J Cardiovasc Magn Reson. 2010 Nov 19;12(1):69. doi: 10.1186/1532-429X-12-69.
T1 mapping allows direct in-vivo quantitation of microscopic changes in the myocardium, providing new diagnostic insights into cardiac disease. Existing methods require long breath holds that are demanding for many cardiac patients. In this work we propose and validate a novel, clinically applicable, pulse sequence for myocardial T1-mapping that is compatible with typical limits for end-expiration breath-holding in patients.
The Shortened MOdified Look-Locker Inversion recovery (ShMOLLI) method uses sequential inversion recovery measurements within a single short breath-hold. Full recovery of the longitudinal magnetisation between sequential inversion pulses is not achieved, but conditional interpretation of samples for reconstruction of T1-maps is used to yield accurate measurements, and this algorithm is implemented directly on the scanner. We performed computer simulations for 100 ms<T1 < 2.7 s and heart rates 40-100 bpm followed by phantom validation at 1.5T and 3T. In-vivo myocardial T1-mapping using this method and the previous gold-standard (MOLLI) was performed in 10 healthy volunteers at 1.5T and 3T, 4 volunteers with contrast injection at 1.5T, and 4 patients with recent myocardial infarction (MI) at 3T.

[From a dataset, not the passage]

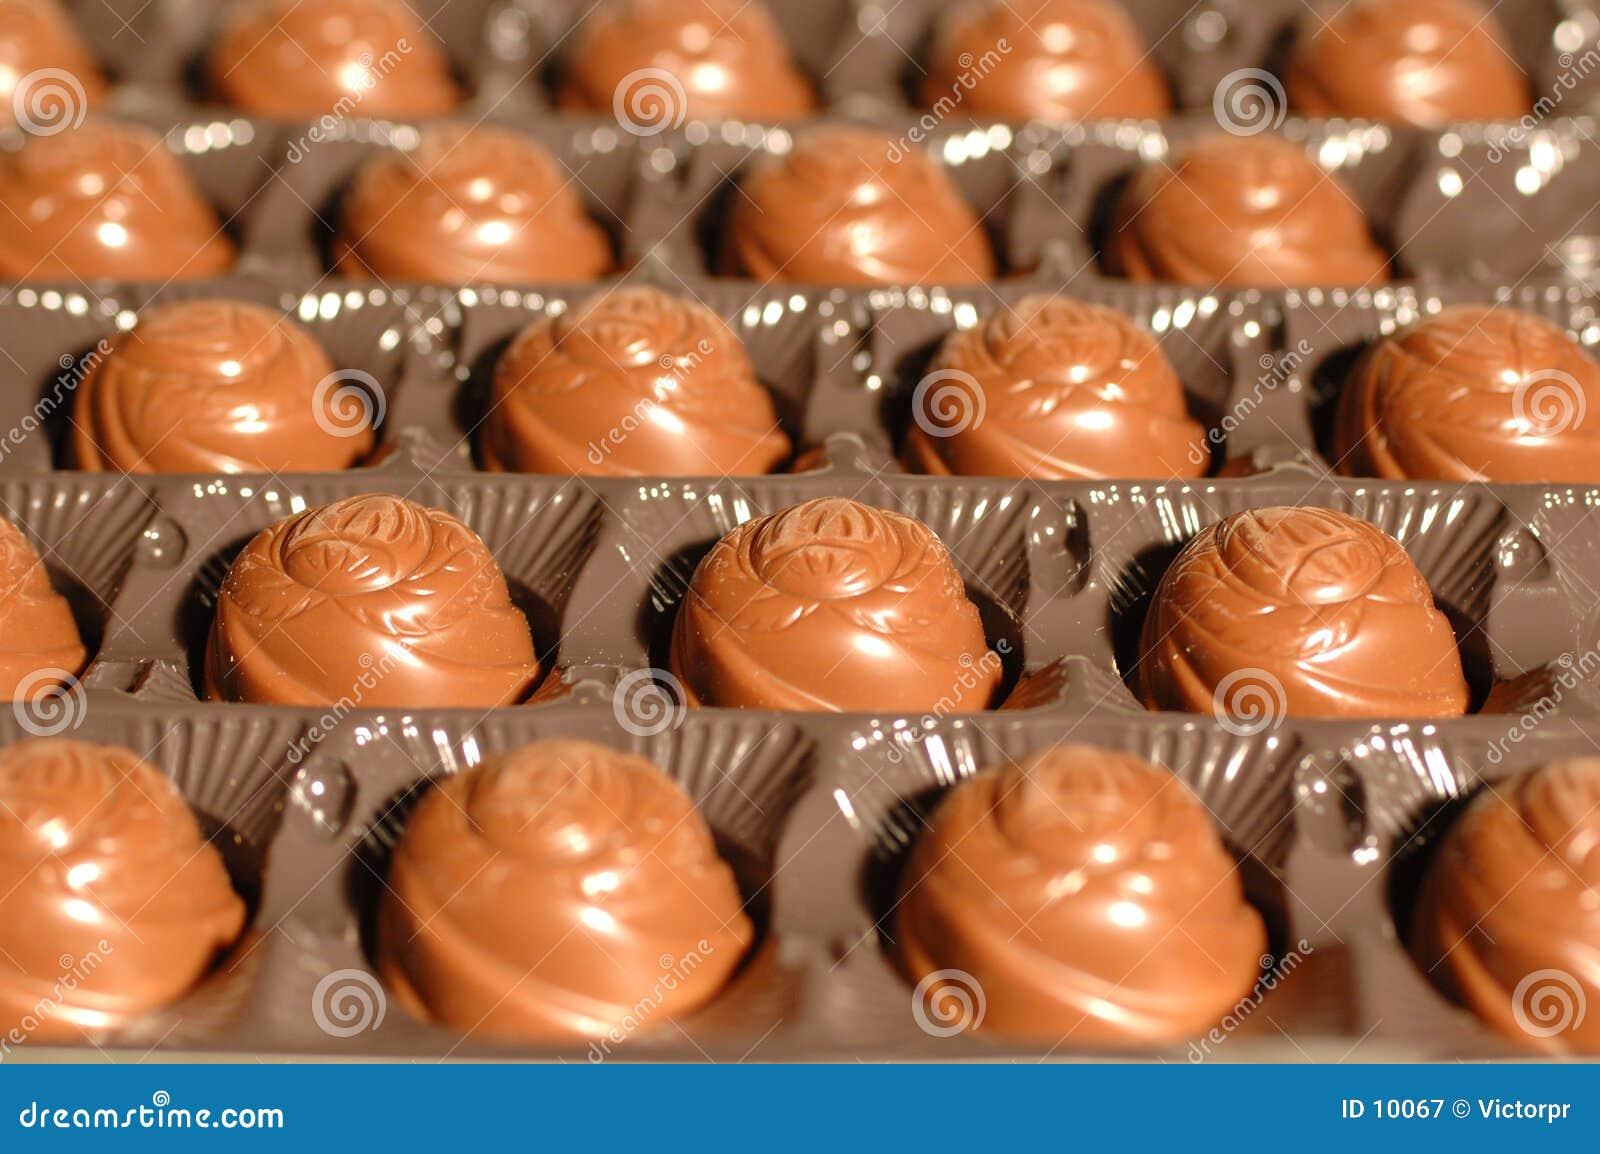 Süßigkeiten in einem Kasten

We found good agreement between the average ShMOLLI and MOLLI estimates for T1 < 1200 ms. In contrast to the original method, ShMOLLI showed no dependence on heart rates for long T1 values, with estimates characterized by a constant 4% underestimation for T1 = 800-2700 ms. In-vivo, ShMOLLI measurements required 9.0 ± 1.1 s (MOLLI = 17.6 ± 2.9 s). Average healthy myocardial T1 s by ShMOLLI at 1.5T were 966 ± 48 ms (mean ± SD) and 1166 ± 60 ms at 3T. In MI patients, the T1 in unaffected myocardium (1216 ± 42 ms) was similar to controls at 3T. Ischemically injured myocardium showed increased T1 = 1432 ± 33 ms (p < 0.001). The difference between MI and remote myocardium was estimated 15% larger by ShMOLLI than MOLLI (p < 0.04) which suffers from heart rate dependencies for long T1. The in-vivo variability within ShMOLLI T1-maps was only 14% (1.5T) or 18% (3T) higher than the MOLLI maps, but the MOLLI acquisitions were twice longer than ShMOLLI acquisitions.
ShMOLLI is an efficient method that generates immediate, high-resolution myocardial T1-maps in a short breath-hold with high precision. This technique provides a valuable clinically applicable tool for myocardial tissue characterisation.
T1 映射允许对心肌的微观变化进行直接体内定量,为心脏疾病的诊断提供新的见解。现有的方法需要长时间的屏气,这对许多心脏病患者来说是很苛刻的。在这项工作中,我们提出并验证了一种新的、临床适用的心肌 T1 映射脉冲序列,该序列与患者呼气末屏气的典型限制兼容。
缩短的改良 Look-Locker 反转恢复(ShMOLLI)方法在单次短屏气中使用连续的反转恢复测量。在连续的反转脉冲之间,纵向磁化没有完全恢复,但使用条件解释样本来重建 T1 图谱,以获得准确的测量结果,并且该算法直接在扫描仪上实现。我们对 100ms<T1<2.7s 和心率 40-100bpm 进行了计算机模拟,然后在 1.5T 和 3T 进行了体模验证。在 1.5T 和 3T 对 10 名健康志愿者、4 名在 1.5T 接受对比剂注射的志愿者和 4 名患有近期心肌梗死(MI)的患者进行了基于 ShMOLLI 和以前的金标准(MOLLI)的心肌 T1 映射。
我们发现 ShMOLLI 和 MOLLI 对 T1<1200ms 的平均估计值之间有很好的一致性。与原始方法不同,ShMOLLI 对长 T1 值没有心率依赖性,其特征是 T1=800-2700ms 时的估计值恒定低估 4%。在体内,ShMOLLI 测量需要 9.0±1.1s(MOLLI=17.6±2.9s)。ShMOLLI 在 1.5T 时的平均健康心肌 T1s 为 966±48ms(平均值±标准差),在 3T 时为 1166±60ms。在 MI 患者中,未受影响心肌的 T1(1216±42ms)在 3T 时与对照组相似。缺血性损伤心肌的 T1 增加到 1432±33ms(p<0.001)。ShMOLLI 比 MOLLI 估计的 MI 和远隔心肌之间的差异大 15%(p<0.04),MOLLI 受长 T1 的心率依赖性影响。ShMOLLI 内 T1 图谱的体内变异性仅比 MOLLI 图谱高 14%(1.5T)或 18%(3T),但 MOLLI 采集比 ShMOLLI 采集长两倍。
ShMOLLI 是一种高效的方法,可在短屏气中生成即时、高分辨率的心肌 T1 图谱,具有高精度。该技术为心肌组织特征提供了一种有价值的临床适用工具。